The proximate cause of food insecurity and hunger, for the 2 billion currently, is poverty. CA not only provides the possibility of increased crop yields for the low input smallholder farmer, it also provides a pro-poor rural and agricultural development model to support agricultural intensification in an affordable manner. For the high output farmer, it offers greater efficiency (productivity) and profit, resilience and stewardship. For farming anywhere, it addresses the root causes of agricultural land degradation, sub-optimal ecological crop and land potentials or yield ceilings, and poor crop phenotypic expressions or yield gaps.

As national economies expand and diversify, more people become integrated into the economy and are able to access food. This growth in effective demand from non-agricultural populations is what drives the required increases in food production and food supply. Thus, wage employment pathway out of poverty and hunger will continue to be the main pathway for most non-agricultural population over time. But for those whose livelihoods continue to depend on agriculture to feed themselves and the rest of the world population, the challenge is to produce the needed food with minimum harm to the environment and the society, and to produce it with maximum efficiency and resilience against abiotic and biotic stresses, including those arising from climate change.

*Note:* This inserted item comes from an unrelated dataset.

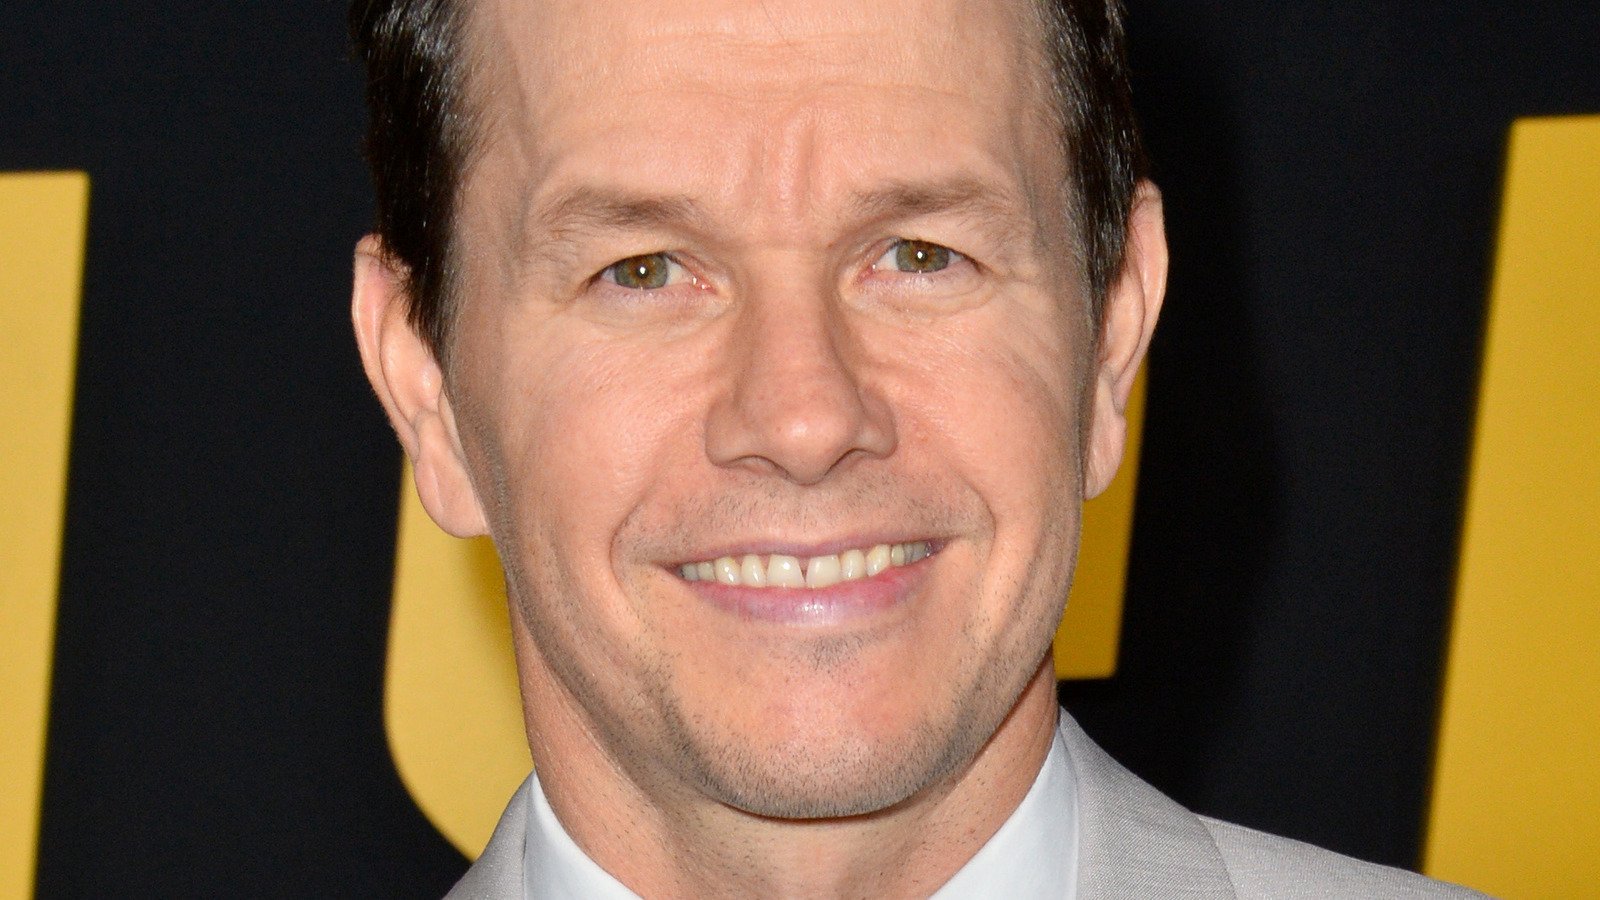 This Is Mark Wahlberg's Best Role, According To 21% Of Fans We Polled

Given the current structural inefficiencies in the food production and consumption system, crop yields in the coming decades need to increase to cope with the growing food demand. There is empirical and scientific evidence that the future food supplies can be assured sustainably by shifting away from conventional agriculture towards a more sustainable paradigm of CA. The supply side of future food security will be determined by how successful we are in facilitating the global up-scaling of the new engine of sustainable agriculture: Conservation Agriculture.